Infrastructure and movement
Central Heart’s movement strategy is built around:
- better pedestrian connections between Colmore, Bullring, Moor Street, New Street, Curzon Street and Digbeth;
- safer cycling and walking routes;
- integration with Metro routes;
- better legibility between retail, commercial and transport zones;
- new public spaces and green corridors.
The transport context is strong but long-term. The Eastside Metro phase to Millennium Point is open, while further route sections toward Curzon Street and Digbeth remain critical. HS2 Curzon Street is under construction, but the 2026 reset pushes first passenger services into the 2036–2039 period. Midland Metro Alliance +1
Key partners, landowners, developers, public bodies and funding
Public-sector and regional partners
| Partner | Role |
|---|---|
| Birmingham City Council | Lead city authority, planning authority, public-realm and city-centre strategy partner; helped develop the prospectus with landowners and partners |
| Invest West Midlands / West Midlands Growth Company | Investment promotion and market-facing prospectus platform |
| West Midlands Combined Authority | Regional strategic partner; relevant through transport, BEMDC and investment coordination |
| Birmingham East Mayoral Development Corporation | New statutory regeneration vehicle relevant to Central Heart’s wider delivery environment |
| Transport for West Midlands / Midland Metro Alliance | Delivery and coordination of Metro infrastructure affecting Eastside, Curzon and Digbeth connectivity |
| HS2 Ltd / Department for Transport | Delivery and policy bodies for Curzon Street and HS2 programme |
| Business Improvement Districts | Local place-management, business engagement and footfall / public-realm partners |
West Midlands Growth Company states that the prospectus was developed with Birmingham City Council, major landowners, developers, BIDs and regional partners. West Midlands Growth Company
Landowners, developers and advisers
| Organisation | Role / relevance |
|---|---|
| Gensler | Design / vision partner for the Central Heart prospectus |
| Sphere Group | Development / advisory partner involved in the Central Heart launch and landowner / development partnership |
| Hammerson / Martineau Galleries Limited Partnership | Promoter / landowner-developer interest for Martineau Galleries |
| Henley Investment Management and Sixth Street | Reported owners / promoters for Martineau Place proposals as of 2026 |
| Other private landowners | Central Heart covers multiple blocks, some with separate owners and existing occupiers |
| Local developers and institutional investors | Expected to be needed for delivery, forward funding, build-to-rent, workspace and mixed-use phases |
Gensler says it worked with Birmingham City Council, Sphere Group and the landowner / developer partnership on the prospectus vision. Gensler
Funding position
There is no evidence in the public sources reviewed of a single ring-fenced public funding pot that will deliver all Central Heart sites. The prospectus is primarily an investment and development-partner proposition.

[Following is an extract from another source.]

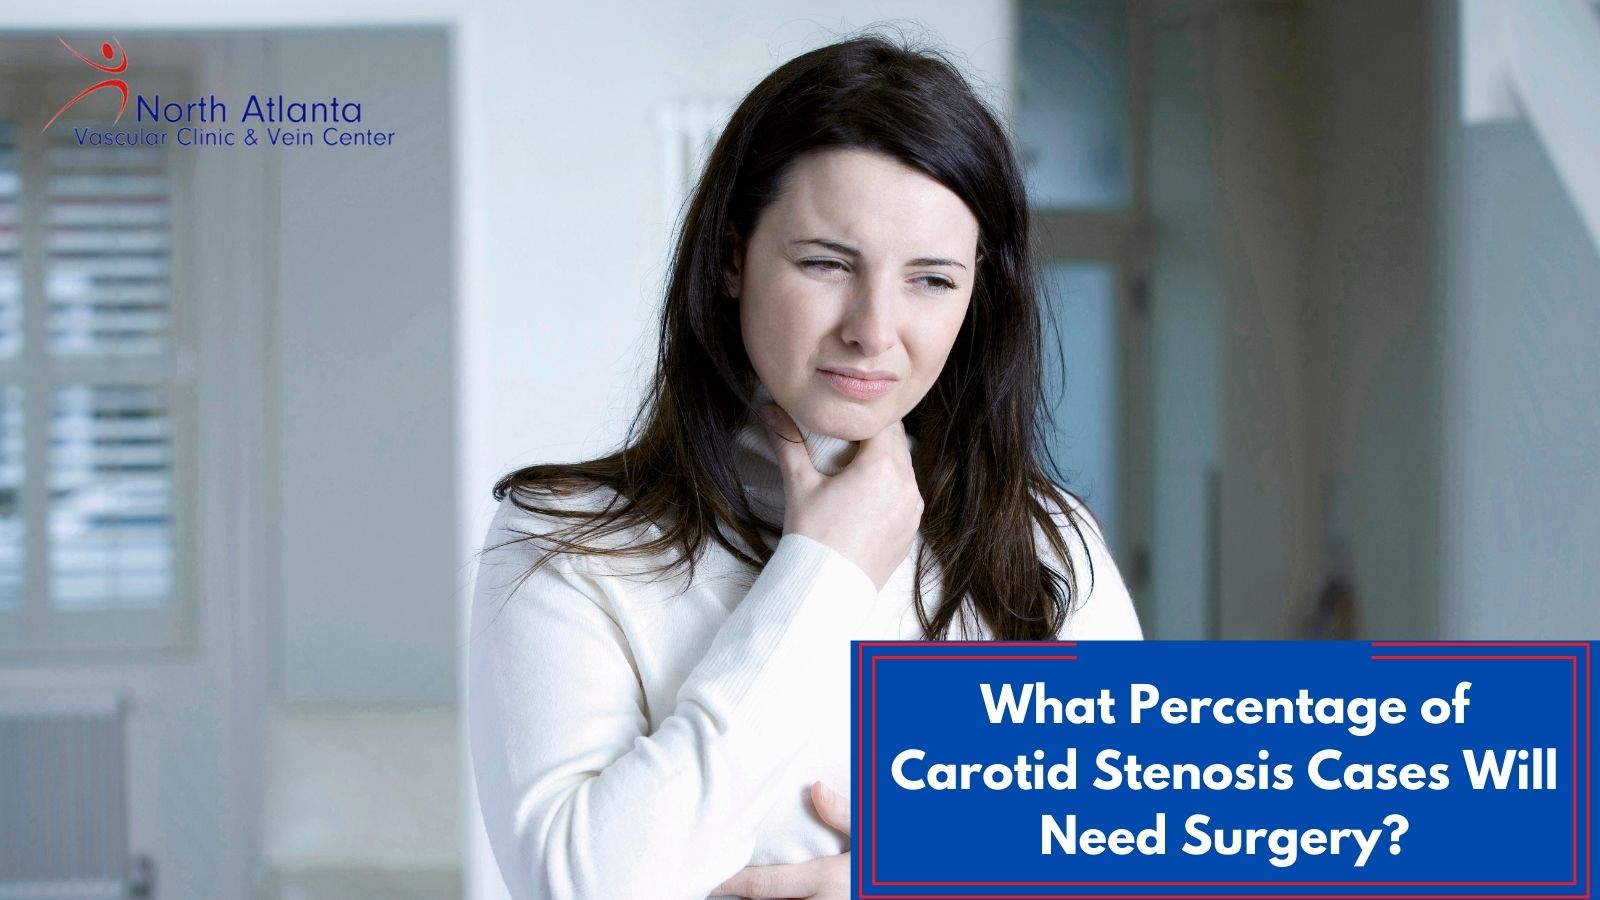 What Percentage of Carotid Stenosis Cases Will Need Surgery?

Funding and delivery are likely to combine:
- private development equity and debt;
- institutional forward funding for residential / build-to-rent;
- commercial development funding;
- public-sector public-realm and transport investment where applicable;
- Metro and HS2 infrastructure funding;
- BEMDC / WMCA / council support where statutory powers or funding routes apply;
- potential government-backed finance streams, subject to eligibility.

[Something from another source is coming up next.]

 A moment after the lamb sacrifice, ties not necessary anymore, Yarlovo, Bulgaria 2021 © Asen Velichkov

The Chamber of Commerce reported that Birmingham City Council, WMCA and government-backed finance institutions are seeking to link projects with funding streams, but specific site-level funding packages are not yet fully public. Greater Birmingham Chambers of Commerce
Planning, governance status and current delivery status
Planning status
Central Heart is a prospectus and growth-zone proposition, not a single planning permission. Each of the eight sites requires its own planning route. Some sites have advanced planning history, while others appear to remain at opportunity, design, consultation or pre-application stage.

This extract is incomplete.